# Smok IMP 220W MOD 1200mAh



## Nailedit77 (26/8/16)

Power Range: Max 220W
Battery Capacity: 1200mAh( not include)

Description:
*Smok IMP 220W MOD* features with curved lines, providing you with comfortable hand feel. OLED screen can display vape data clearly. Built-in battery is easily to charge; lateral fire key bring you to cool vaping time! Innovation keeps changing the vaping experience!

Specifications:
Size: 74x55.4x41.2mm
Resistance Range: 0.1Ω-3Ω (VW) / 0.06Ω-2Ω (TC)
Temperature Range: 200℉--600℉/100℃--315℃

Reactions: Like 1


----------



## Andre (26/8/16)

Hehe, battery is "not include", but it has a built-in battery?

Reactions: Agree 1 | Funny 4


----------



## incredible_hullk (26/8/16)

Andre said:


> Hehe, battery is "not include", but it has a built-in battery?

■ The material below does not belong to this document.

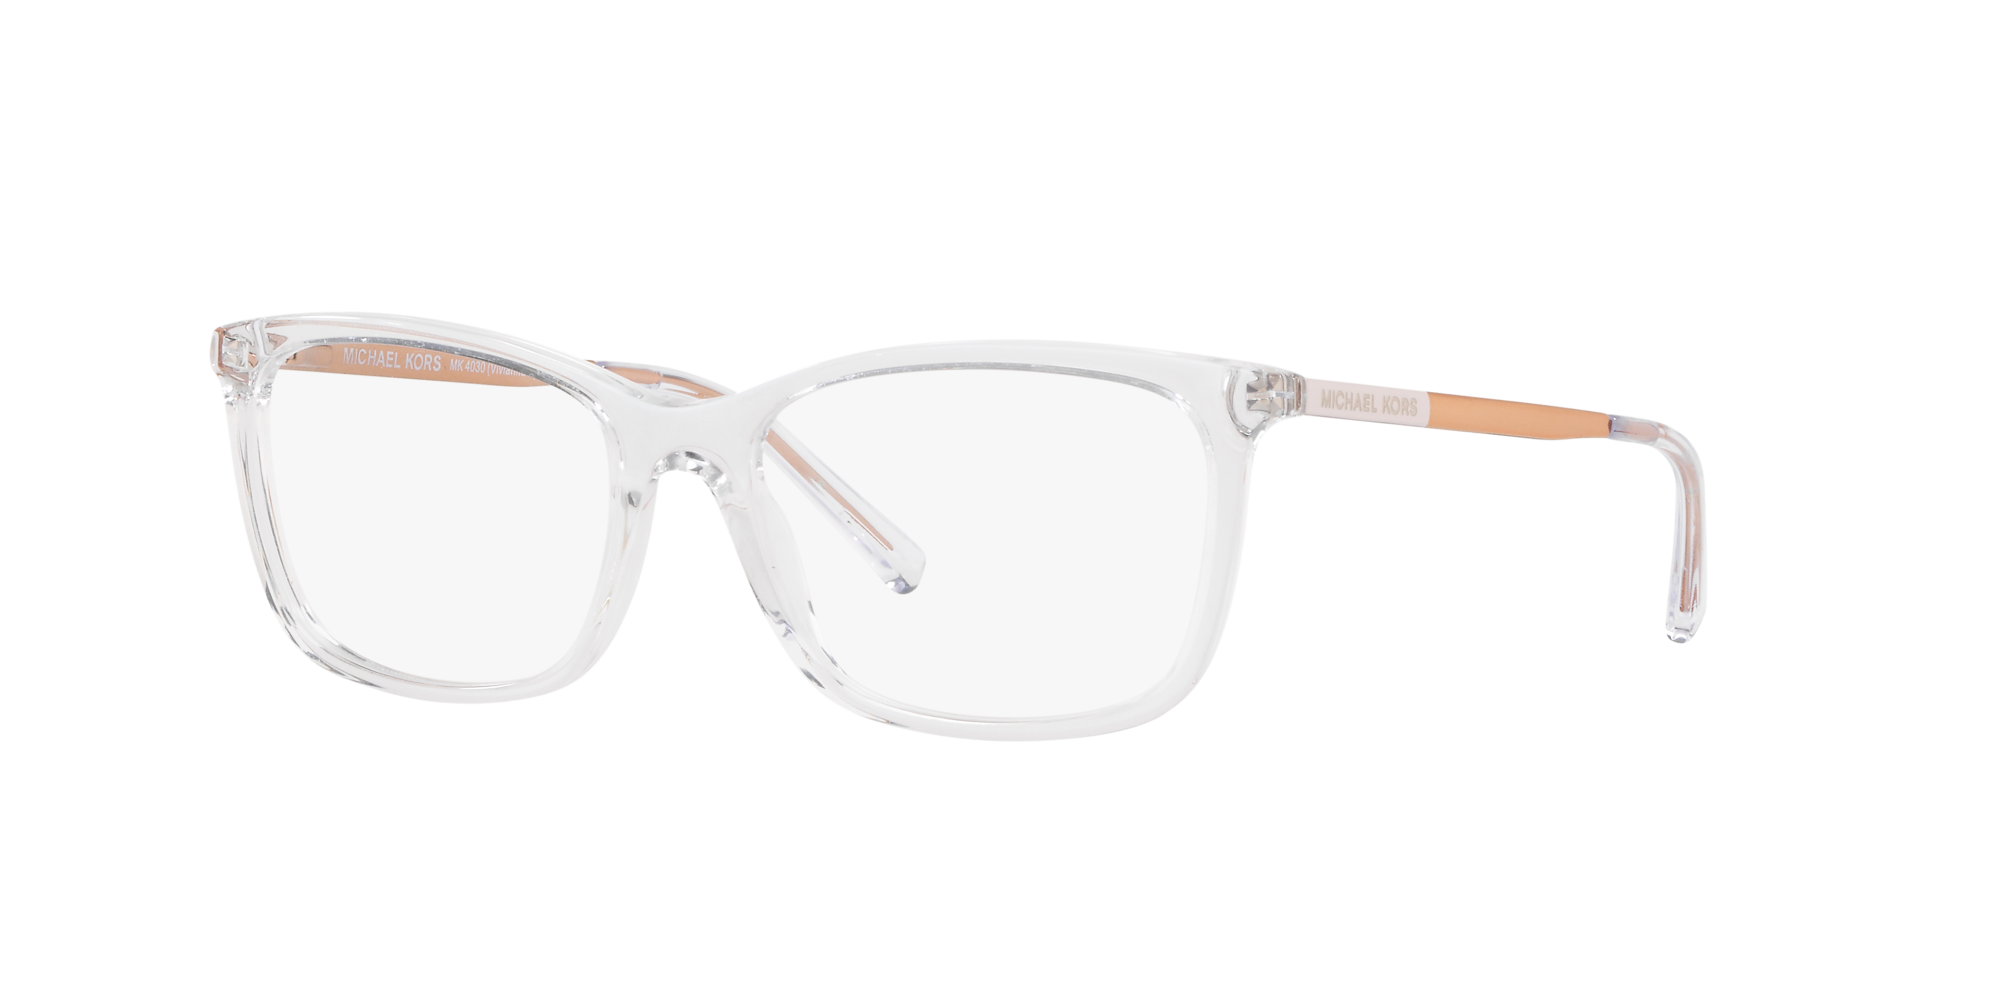 Michael Kors Clear Square Eyeglass Frames for sale  eBay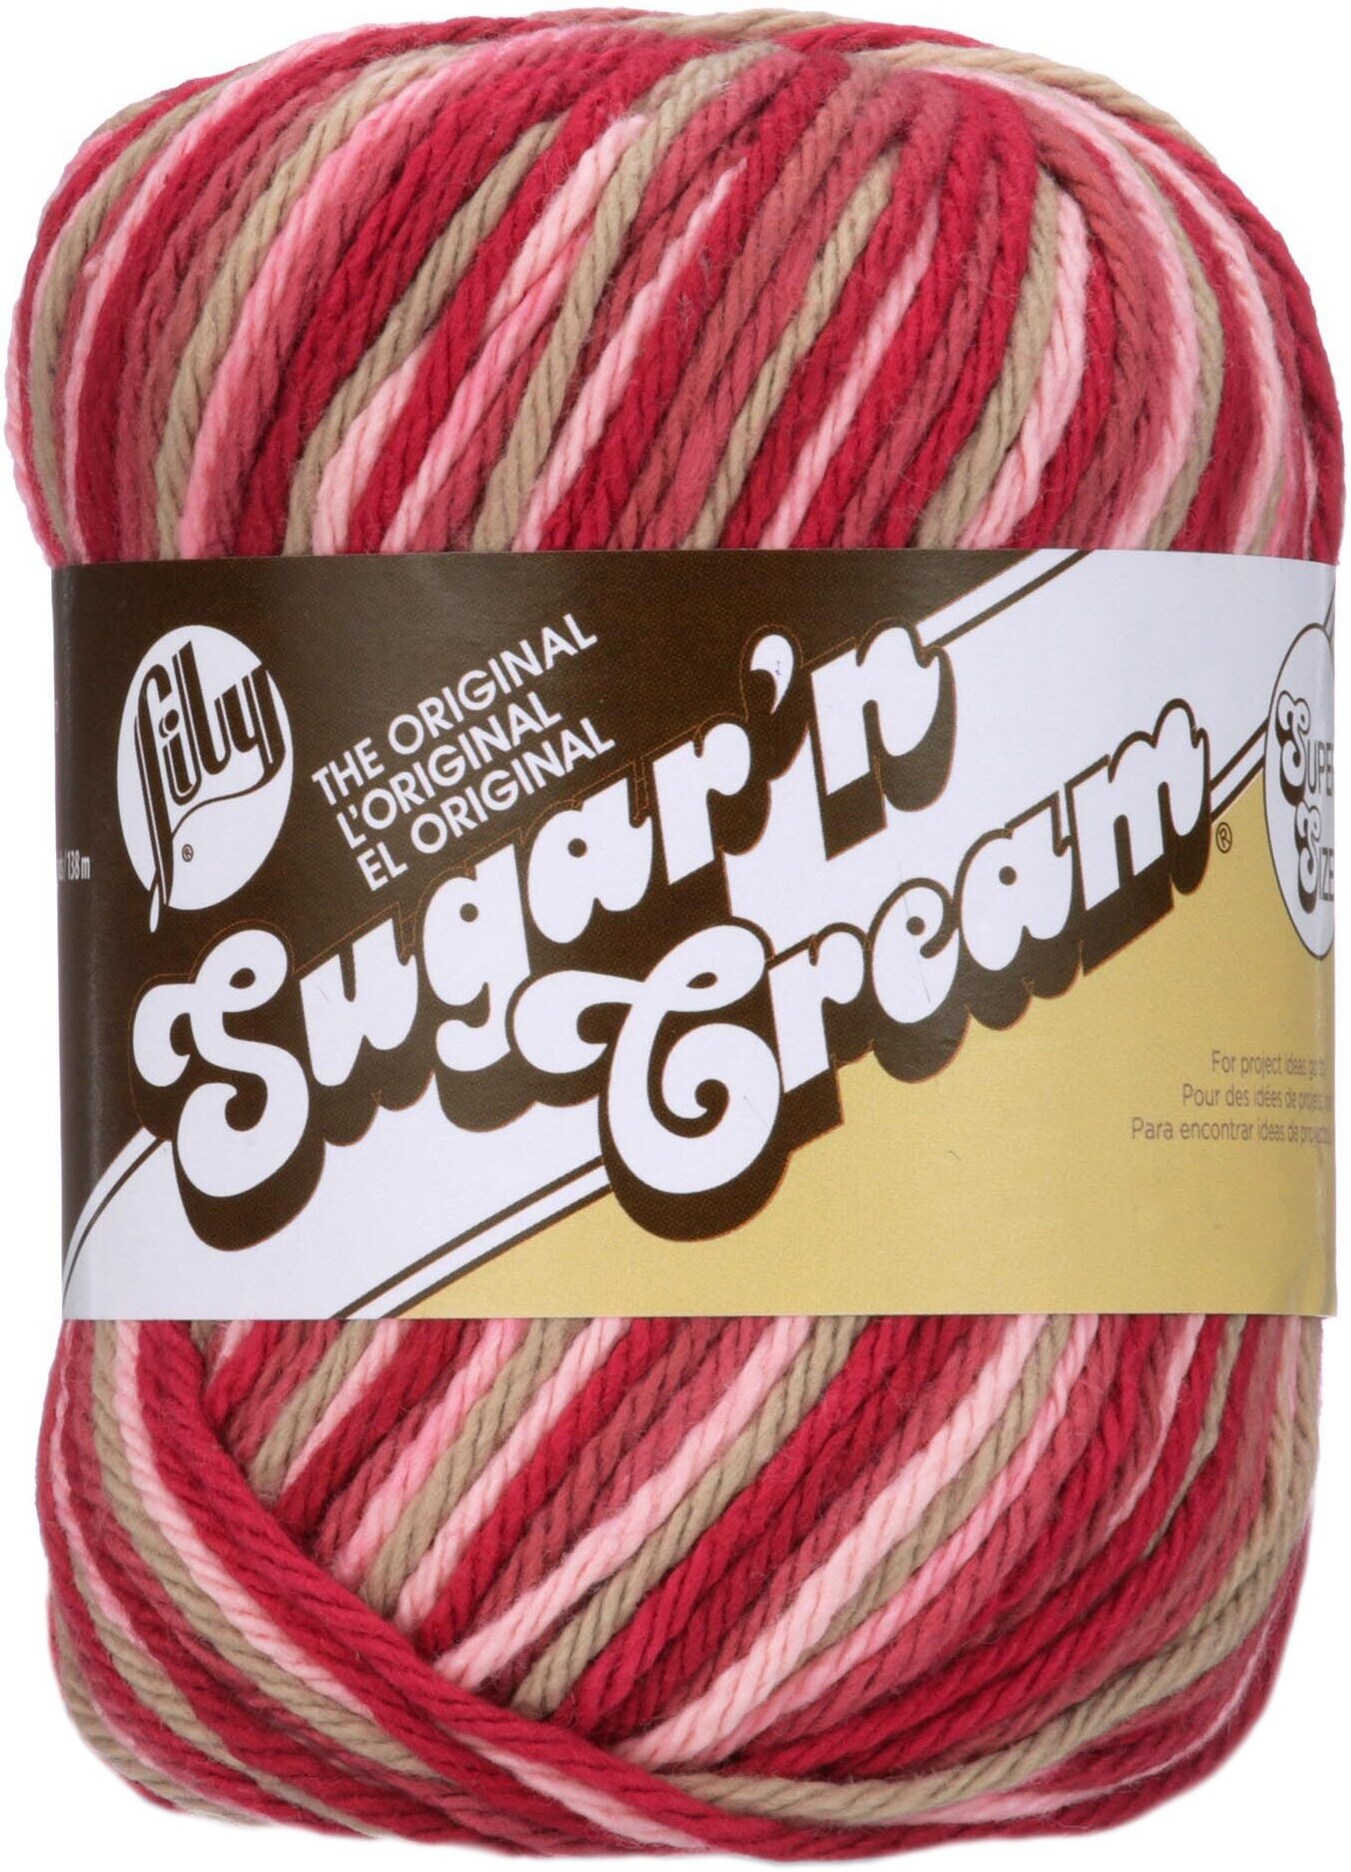 Lily Sugar'n Cream Super Size Worsted Cotton Yarn

Maybe they think since vapers build coils now we can build batteries too

Reactions: Funny 4


----------



## Kalashnikov (26/8/16)

This is what the minikin 2 should have looked like @Yiannaki


----------



## Yiannaki (26/8/16)

Kalashnikov said:


> This is what the minikin 2 should have looked like @Yiannaki


Lol this is damn ugly 

Sent from my SM-N920C using Tapatalk

Reactions: Agree 3


----------



## Kalashnikov (26/8/16)

I wish someone could explain these built in batteries tho. I mean why is it only 1200mah? How does this compare to a dual 18650.


----------



## RichJB (26/8/16)

Yeah, you have to wonder why Smok put a 1200mAh battery in a 220W device after Eleaf put a 5kmAh battery in an 80W device. Doesn't make any sense.

Reactions: Agree 2


----------



## Pixstar (26/8/16)

I kinda like that look, refreshingly different from the usual square or rectangular offerings.


----------



## zadiac (26/8/16)

It looks pregnant...

Read the description. It says it has a built-in battery.


----------



## Scouse45 (26/8/16)

Wats the point having all the power and style if it has useless battery life?


----------



## Wern (26/8/16)

zadiac said:


> It looks pregnant...
> 
> Read the description. It says it has a built-in battery.



Bun in da oven


Sent from my iPad using Tapatalk


----------



## Huffapuff (26/8/16)

What's with the battery? Firing that thing anywhere near 220w and you'll need to recharge before your tank is finished


----------